(Source records)
-----

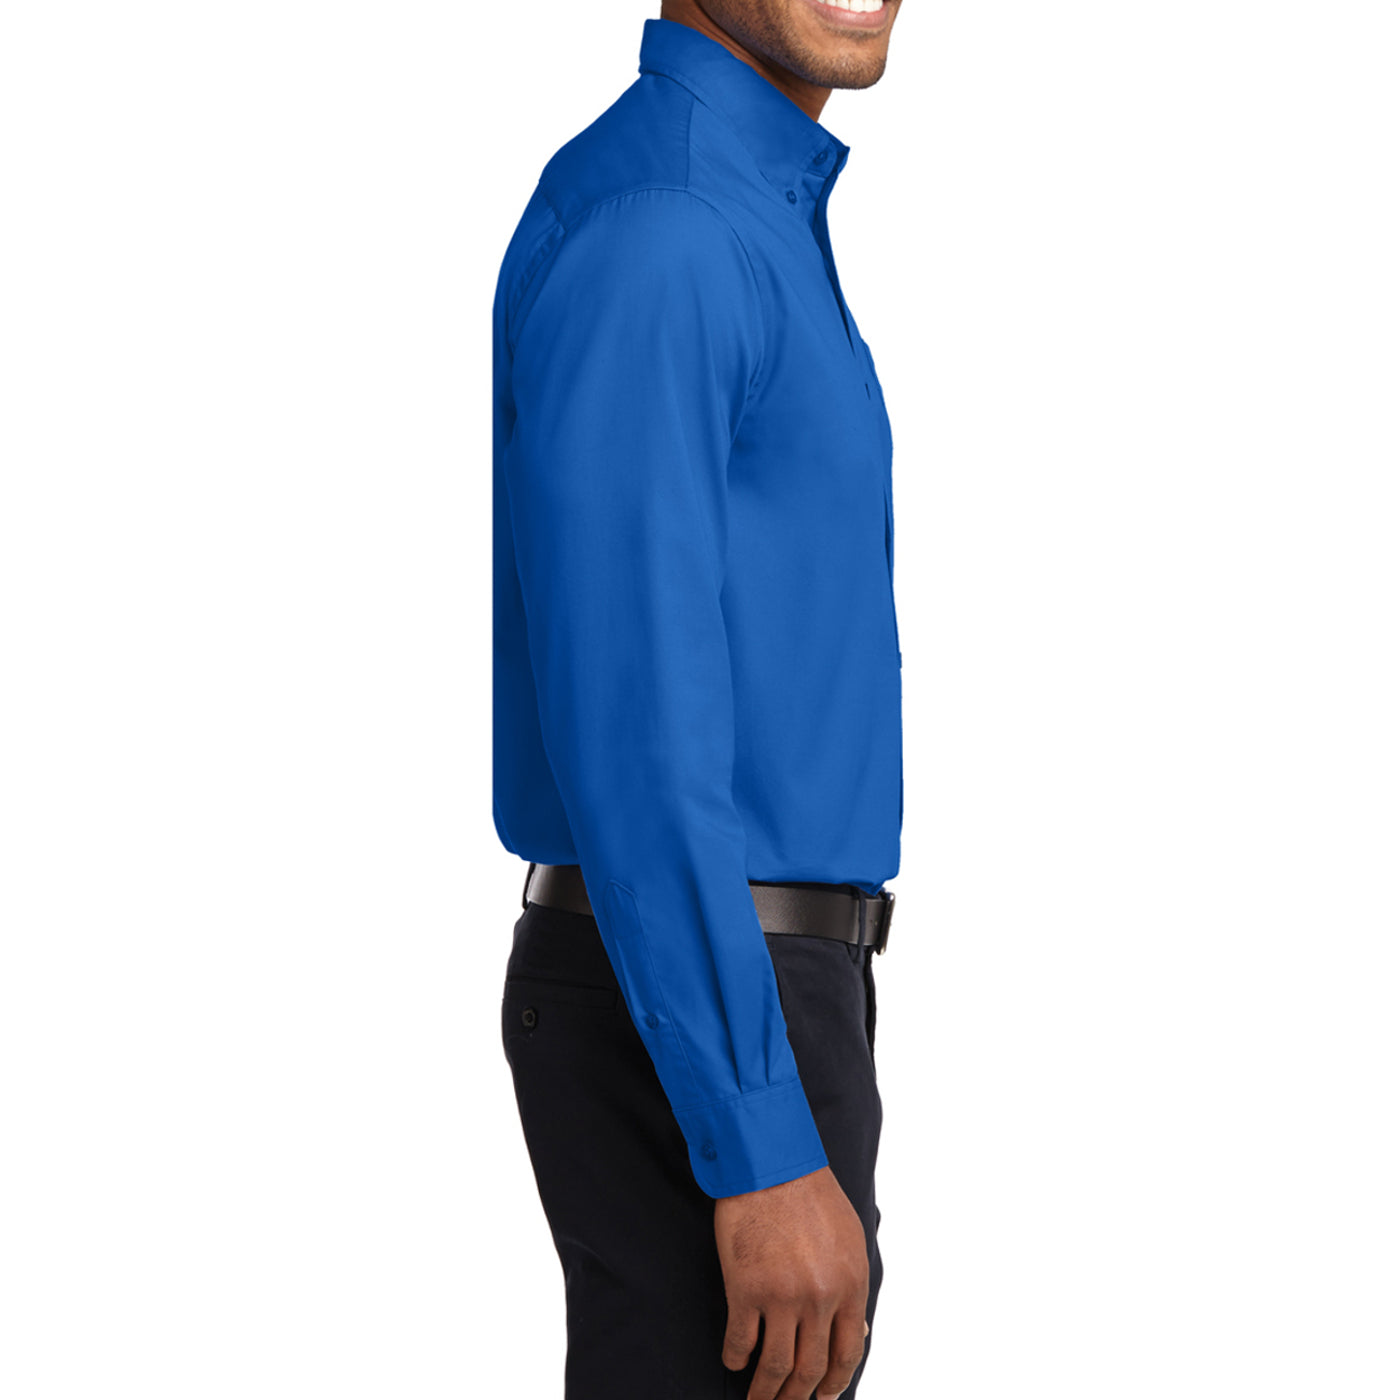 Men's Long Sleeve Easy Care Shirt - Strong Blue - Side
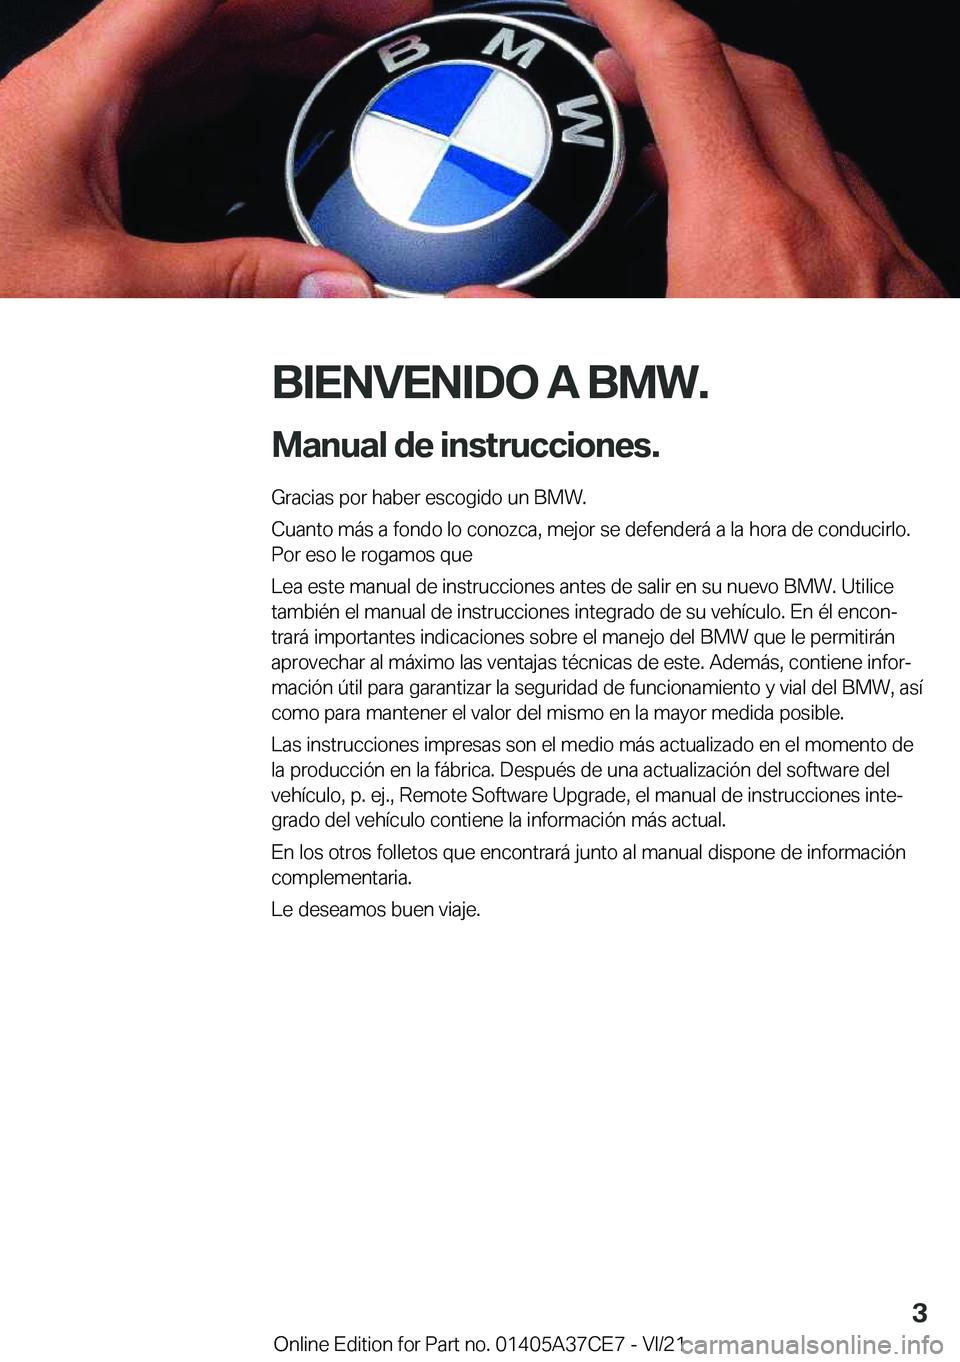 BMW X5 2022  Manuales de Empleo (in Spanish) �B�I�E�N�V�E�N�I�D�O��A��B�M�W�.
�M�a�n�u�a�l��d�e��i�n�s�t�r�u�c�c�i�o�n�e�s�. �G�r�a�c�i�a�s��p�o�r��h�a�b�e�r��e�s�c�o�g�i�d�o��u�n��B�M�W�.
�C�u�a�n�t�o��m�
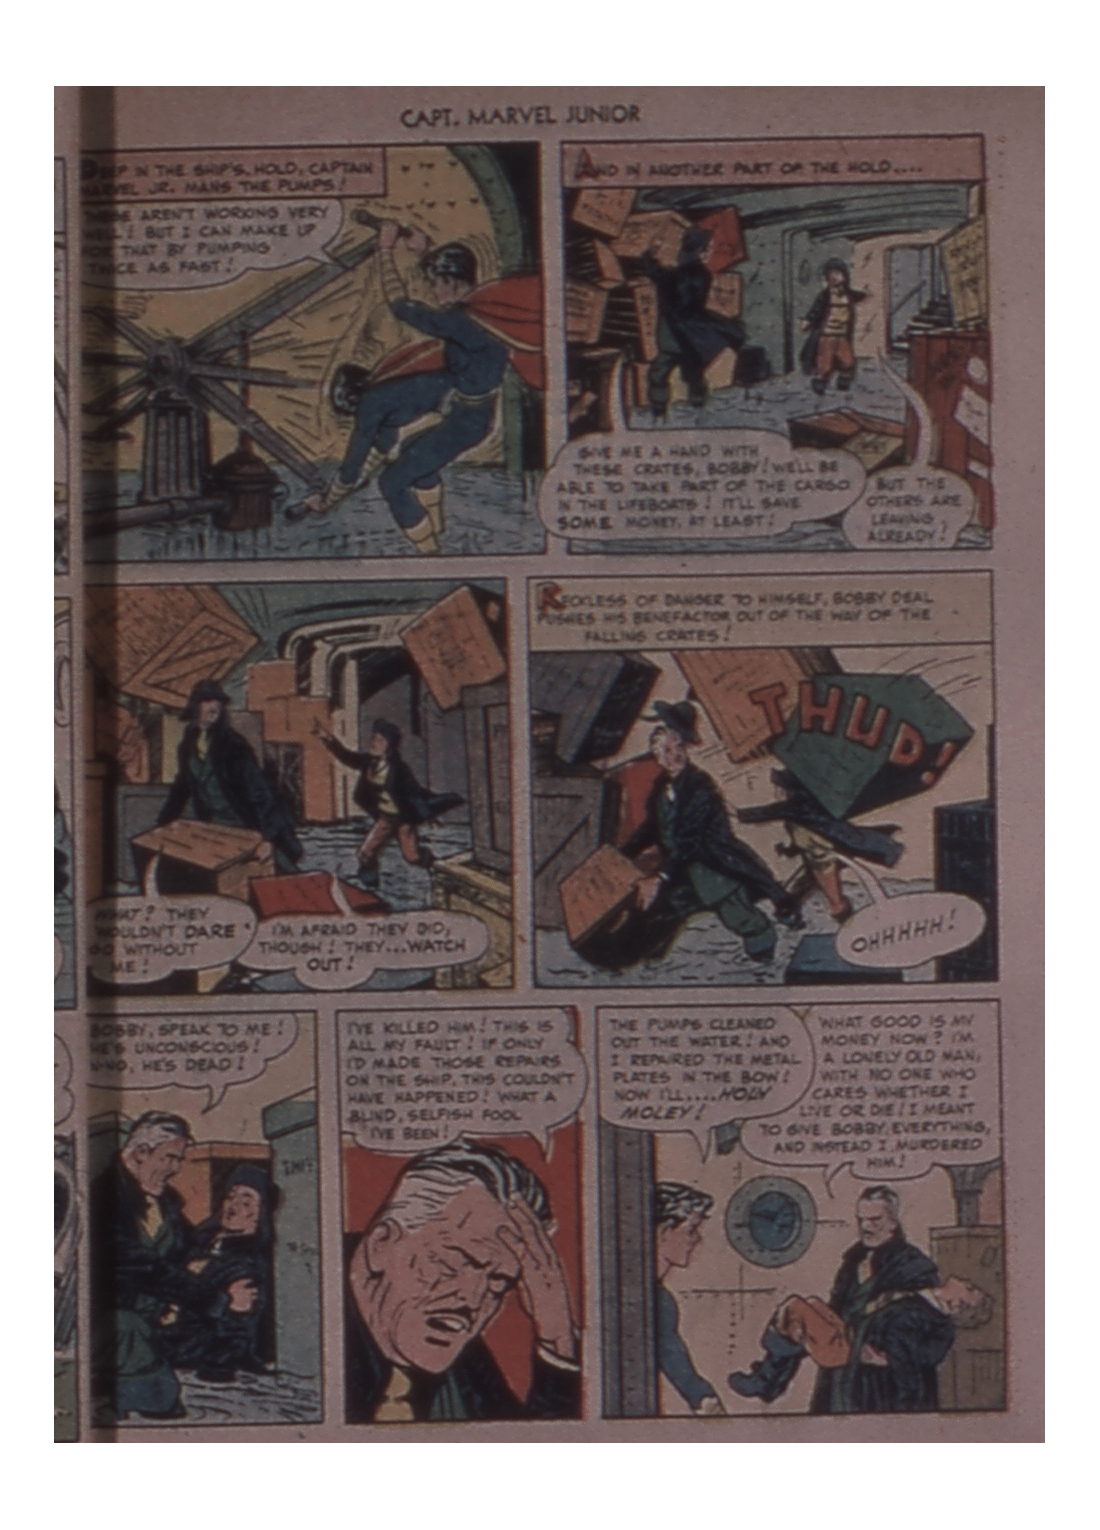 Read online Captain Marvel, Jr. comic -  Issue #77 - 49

-----

(PROBLEM TO WORK ON) Only the pictures may be dropped; print every record exactly as given.

(WRITTEN REPLY)
 Men's Long Sleeve Easy Care Shirt - Strong Blue - Side
 BMW X5 2022  Manuales de Empleo (in Spanish) �B�I�E�N�V�E�N�I�D�O��A��B�M�W�.
�M�a�n�u�a�l��d�e��i�n�s�t�r�u�c�c�i�o�n�e�s�. �G�r�a�c�i�a�s��p�o�r��h�a�b�e�r��e�s�c�o�g�i�d�o��u�n��B�M�W�.
�C�u�a�n�t�o��m�
 Read online Captain Marvel, Jr. comic -  Issue #77 - 49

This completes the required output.